Can employees who stay on the job past age 65 remain enrolled in a HDHP/HSA?
This is one of the tricky questions that older workers may pose as they delay retirement, but still need to understand what staying on the job means for their Social Security and Medicare benefits. The answer can be complicated.
Health savings accounts (HSAs) are offered in tandem with group HDHPs. HSAs were designed to act as a health care savings vehicle and also as a way to make enrollment in HDHPs plans more attractive. Employer and employee contributions to HSAs and earnings from HSAs are exempt from federal and state taxes (with a few exceptions).
Disbursements from HSAs for qualified health care expenses are also tax-exempt. However, disbursements for unqualified health care expenses (cash disbursements) are subject to income and excise taxes. Unused HSA balances roll over from one year to the next and never forfeit. The HSA holder may also assign a beneficiary.
Workers who are approaching age 65 and Medicare eligibility don’t necessarily want to stop receiving employer contributions or making their own contributions into an HSA. This is especially true if they anticipate working for a few more years and are in good health, having comparatively low out-of-pocket medical costs. HSAs can be good retirement savings accounts for older workers, as an HSA allows them to save for the future, when their health deteriorates, health care expenses rise, and their income decreases.
Employees need to understand how Medicare, HDHPs and HSAs interact in order to make informed health care decisions. Here’s what you, your clients and their employees need to know.
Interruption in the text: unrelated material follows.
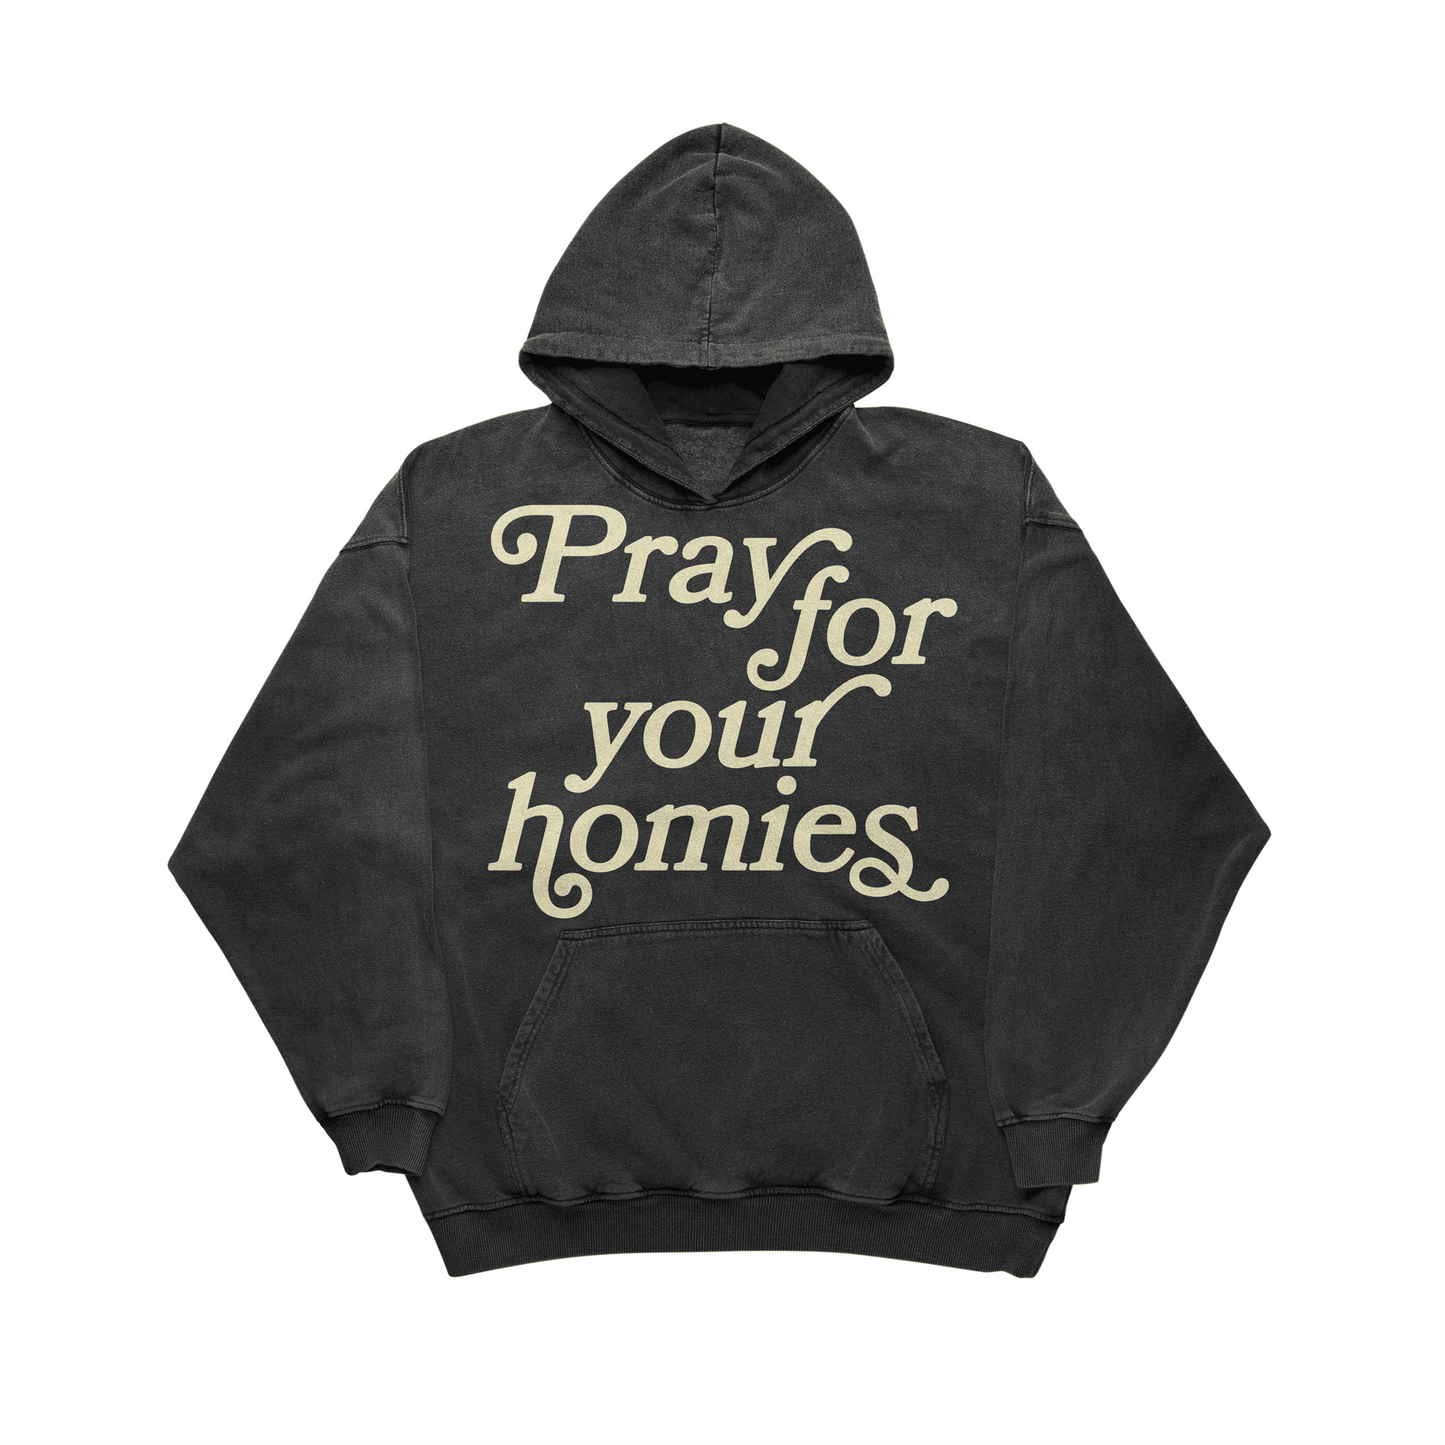 PREMIUM "PRAY FOR YOUR HOMIES" HOODIE BLACK

Medicare and HSA contributions. Simply gaining eligibility for Medicare doesn’t disqualify employees from staying on a high deductible plan or from contributing into an HSA. However, enrollment in Medicare (Parts A, B, C, and/or D) disqualifies an employee from making or receiving contributions to an HSA. Enrollment in Medicare does not impact an individual's eligibility to enroll in the HDHP (HSAs are independent offerings from a HDHP), or to request reimbursements from an HSA. Note that when individuals choose to delay enrollment in Medicare Part A at age 65,and enroll at a later date (during a special enrollment period), Medicare Part A coverage will become effective on a retroactive basis. Medicare Part A coverage can become effective up to six months earlier than the date of the request for enrollment, but not earlier than the date the individual turns age 65.
Medicare eligibility and Medicare secondary payer rules: If an employee enrolls in Medicare and the organization has 20 or more employees, the organization’s plan is the primary payer. It pays first and Medicare pays second. When the plan is primary payer, there is minimal coordination of coverage between the plan and Medicare. For this reason, employees should consider remaining covered under the employer plan over Medicare. However, if an organization has fewer than 20 employees, Medicare will be primary payer. If the employee chooses to waive enrollment in Medicare and remain enrolled in the group health plan, the insurance carrier will process claims taking Medicare into account, exposing employees to very high out-of-pocket expenses. This means most employees aged 65 or older working for employers with less than 20 employees, should consider enrolling in Medicare over the employer plan. However, if employees choose to enroll in both Medicare and the HDHP, they are no longer eligible to contribute to an HSA or receive contributions, as enrollment in Medicare disqualifies employees from contributing to HSAs.
What receiving Social Security benefits means to HSA holders. Workers receiving Social Security benefits are automatically enrolled in Medicare Part A if they have contributed 40 quarters into Medicare. When they choose to receive Social Security benefits six months past the full retirement age of 66, Social Security gives six months of benefits in “back pay.” As enrollment in Medicare Part A is associated with Social Security benefit payments, the employee will be enrolled in Medicare Part A retroactively, six months before the request to receive Social Security benefits. The retroactive enrollment in Medicare Part A disqualifies employees from contributing to or receiving contributions to an HSA, and subjects them to six months of tax penalties. To avoid penalties, older workers should be advised to stop contributing to their HSA account six months before applying for their Social Security benefits.
Opting out of Medicare. If older workers at organizations employing 20 or more employees enroll in Medicare Part A without understanding what it means to their eligibility to contribute to an HSAs, they can withdraw their Medicare enrollment as long as they have not yet applied to receive Social Security benefits. Doing so will not subject them to penalties, and they will be allowed to reenroll in Medicare Part A at a later time.
The disability factor. People on disability are automatically enrolled in Medicare after their 25th disability check from Social Security. When they return to work, their disability payments stop, but the Medicare entitlement extends for 93 months. If their employer offers an HSA that’s tied to a high deductible plan, they are thus ineligible to enroll in or receive or make contributions to an HSA. Opting out of Medicare Part A once on disability is unlikely.